Pulse Width Modulation (PWM) controls by changing duty cycle between full-on and full-off states. It s the best solution to control something like a heating element which is difficult to put into a controllable intermediary state.

Using PWM with a pump would mean having the pump start and stop for varying lengths of time (for example, on for one second and then off for 9 seconds out of a 10 second period).

If these motors have a flow rate proportional to voltage applied, that would be a better way to control them - this way you could have a variable and continuous flow rate rather than the repeated on-and-off interrupted flow you would get with PWM.

For anyone who has one of these pump, the easy way to check if they will support variable speed would be to put a potentiometer (variable resistor) in the circuit and check if the pump flow decreased as the potentiometer is dialed to higher resistance (less voltage to the pump).

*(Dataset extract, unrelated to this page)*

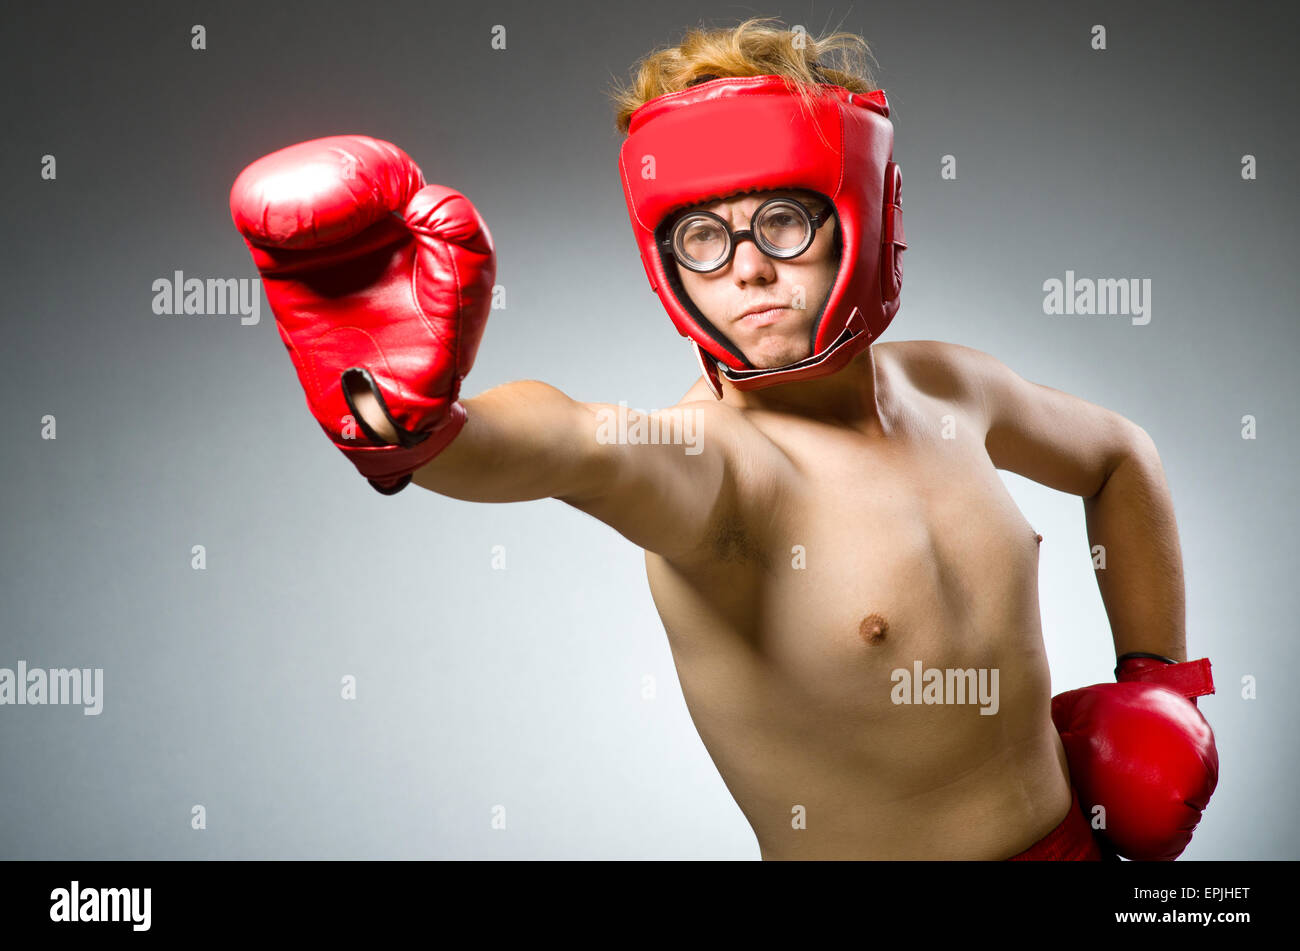 Funny nerd boxer in sport concept Stock Photo

You could also just hook it up to a single 1.5V battery (or 2 1.5s in series to make 3V) and see if it pumps but at a lower flow rate...

-fafrd
PWM speed controllers pulse at much higher freqs than you are stating, and appear continuously variable. PWM also gives much more range of speed (low end) for pumps/fans than varying the voltage, and are the preferred speed control solution for these applications (for DC and single phase AC, at least). They are also easier on the motor.

Since these are DC (direct current) and not AC (alternating current) a simple speed controller will work. You cannot do this with AC motors because it changes the wavelength of the power and it throws the timing off in the motor.
The simple TRIAC based speed controllers (ceiling fan controllers) will work well with the AC pumps, but the speed range will be less than an AC PWM controller. WalterAtMarchPumps has a few posts on the topic.

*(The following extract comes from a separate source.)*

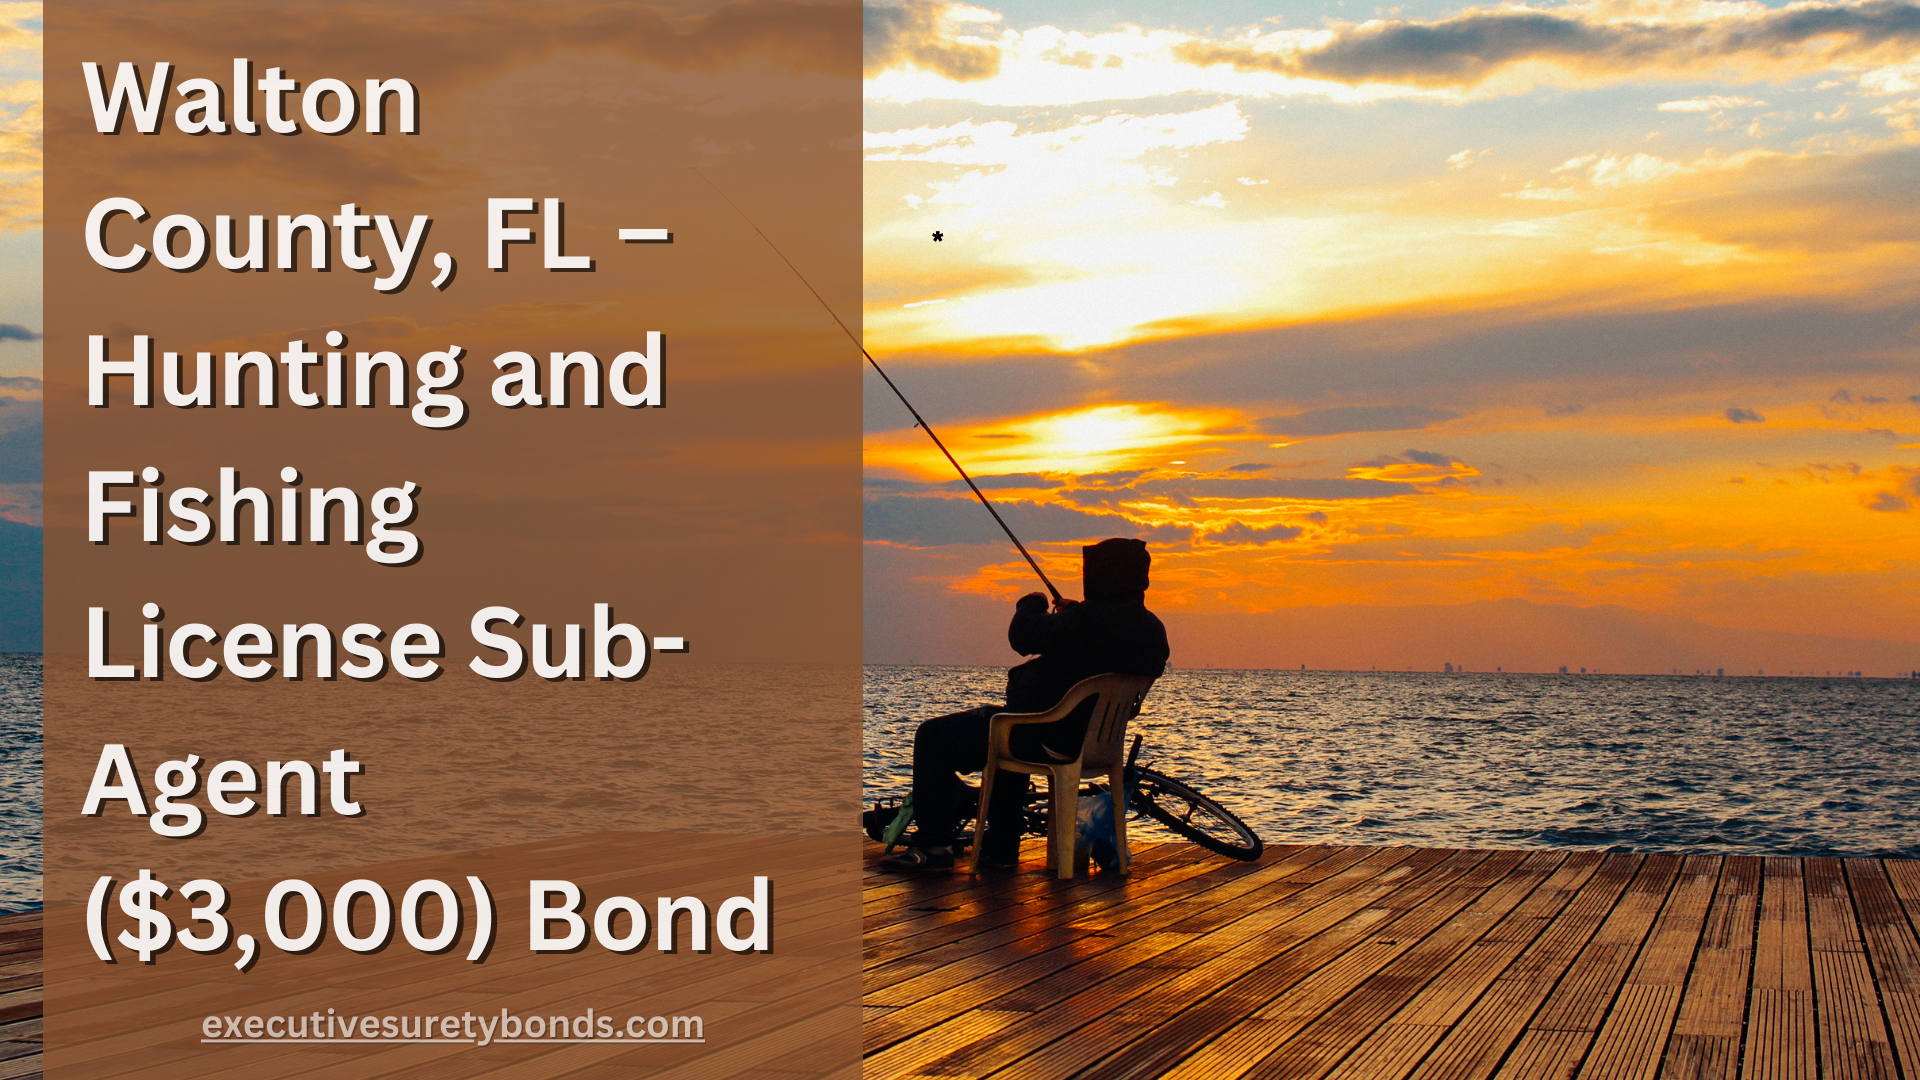 Walton County, FL – Hunting and Fishing License Sub-Agent ($3,000) Bond

People are controlling these things by PWM instead of diverting the flow. Whether that's the right thing to do, I don't really know, but it is not what is recommended for the March pump which is brushless.
PWM is the preferred choice, even for the March/Chugger pumps, though I am not sure if you are talking about a brushless DC March pump. I haven't looked into those, but I would be surprised if PWM wasn't the preferred choice for those as well.

RE: power supplies for DC. DC motors generally do not like to have amps limited. A supply with more current than needed will not cause any issues. Rule of thumb is to give DC motors all the current they want, and to control speed with voltage (or duration as in PWM). For AC the rule of thumb is to keep the voltage at the preferred level, and control speed with current (various limiting techniques).
 
I've picked up both pumps. I just also ordered camlocks that I need. I guess I'll do a comparison of the two when the black pump comes in.

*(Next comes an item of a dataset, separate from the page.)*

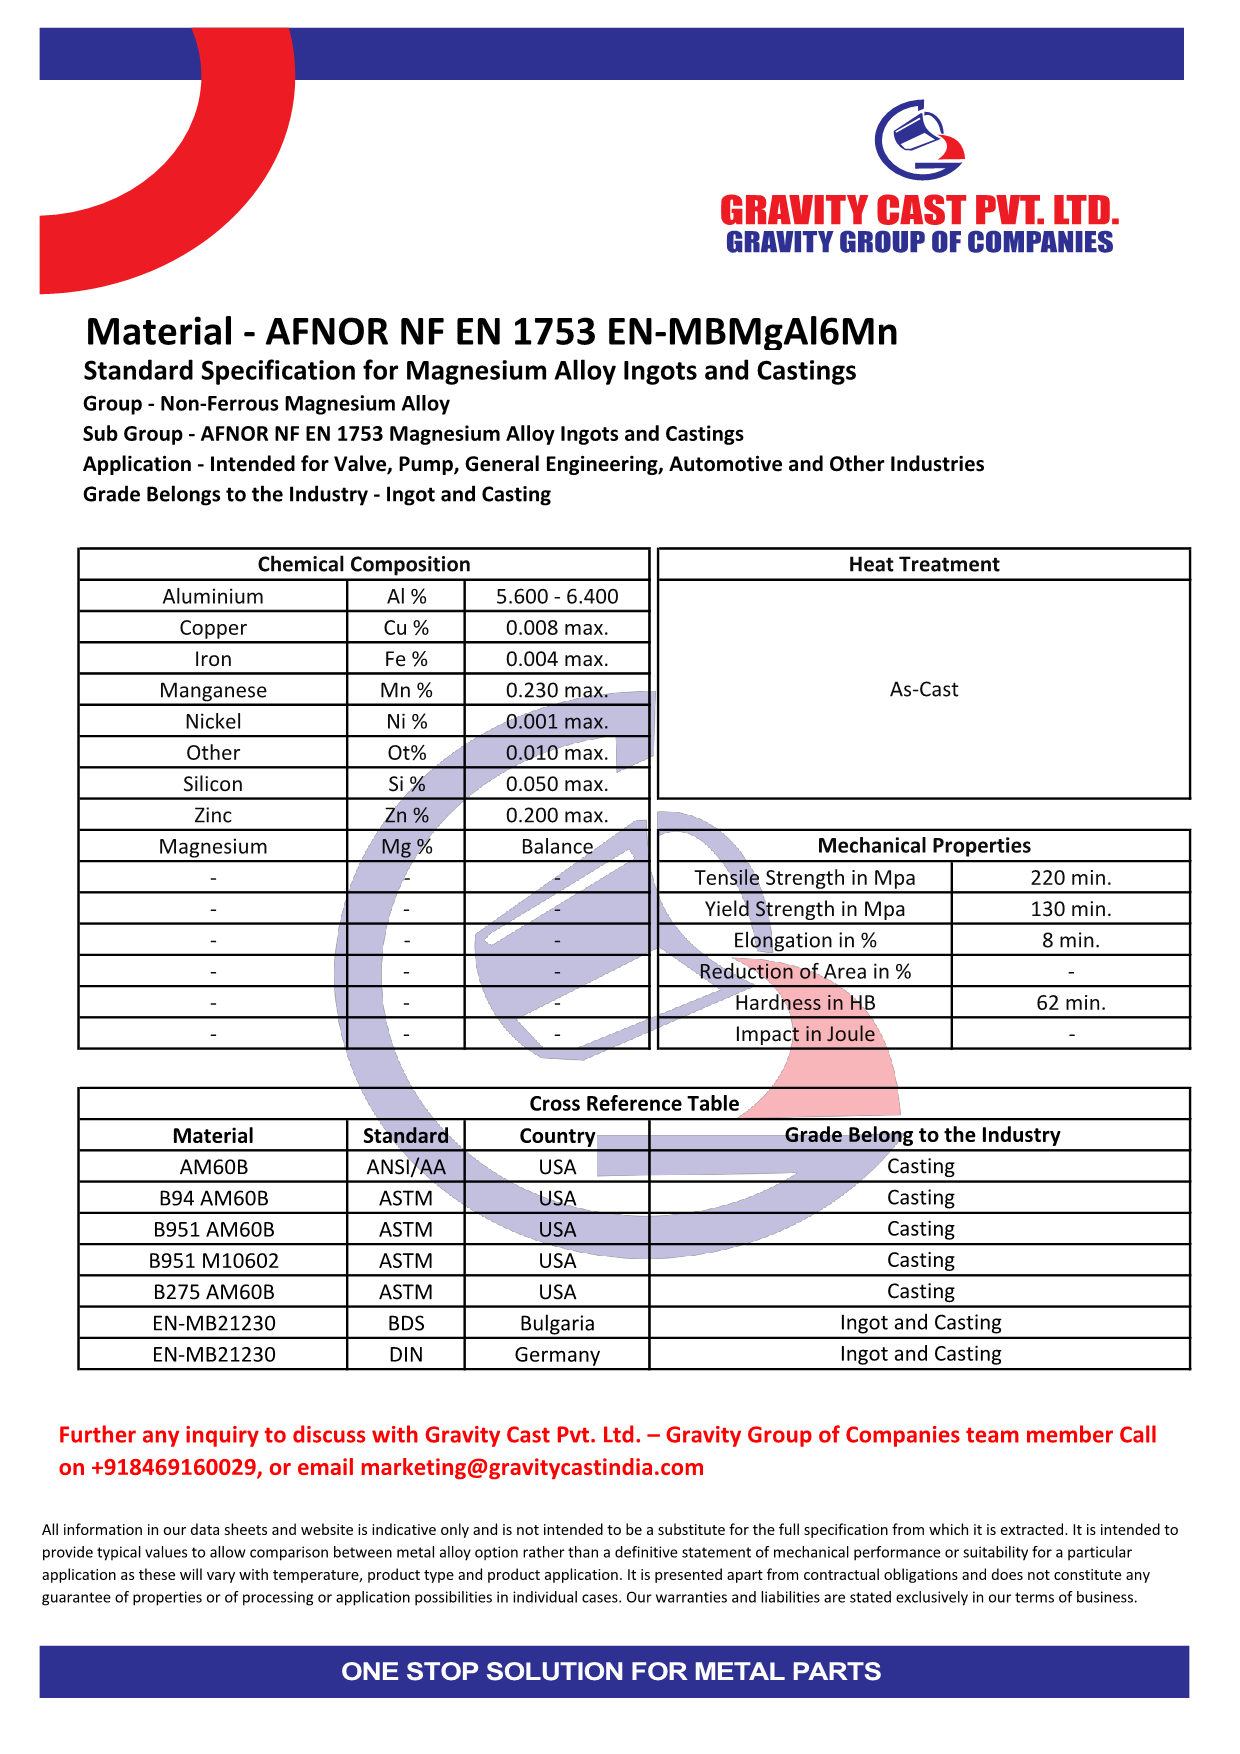 AFNOR NF EN 1753 EN-MBMgAl6Mn.pdf

I also just picked up this http://bit.ly/X6ILwB which is a power supply.
 
I got the black pump in today. It's a little bigger than I was expecting. I'm still waiting on a rheostat I ordered for it, and I have no idea where the power supply I had set aside was. Thinking about it now I'll probably skip the rheostat and control with a ball valve. I need a couple more camlocks that I thought I already had, but once they come in I'll run it through the paces. Maybe I'll do an all grain starter run and just can the wort. I can say already, just from loosely screwing on a few pieces that the inlet and outlet threads seem different. I easily got 3-4 threads on the outlet, but maybe 1-1.5 on the inlet before meeting resistance. This could just be a production quality problem as well. It is a little bigger and stouter than I thought it'd be, although its still mini.
 
I got the black pump in today. I can say already, just from loosely screwing on a few pieces that the inlet and outlet threads seem different. I easily got 3-4 threads on the outlet, but maybe 1-1.5 on the inlet before meeting resistance. This could just be a production quality problem as well.

snaps10, are the threads on the black pumps 1/2" NPT?

-fafrd
 
My pump (the little brown one) is 1/2" BSP. 1/2" NPT and 1/2" BSP are more or less compatible. The thread pitch is the same as NPT but there is no taper. NPT and BSP female fittings both screw on and seal with PTFE tape without any problems. The NPT fittings screw on about 4 turns, the BSP fittings 1 or 2.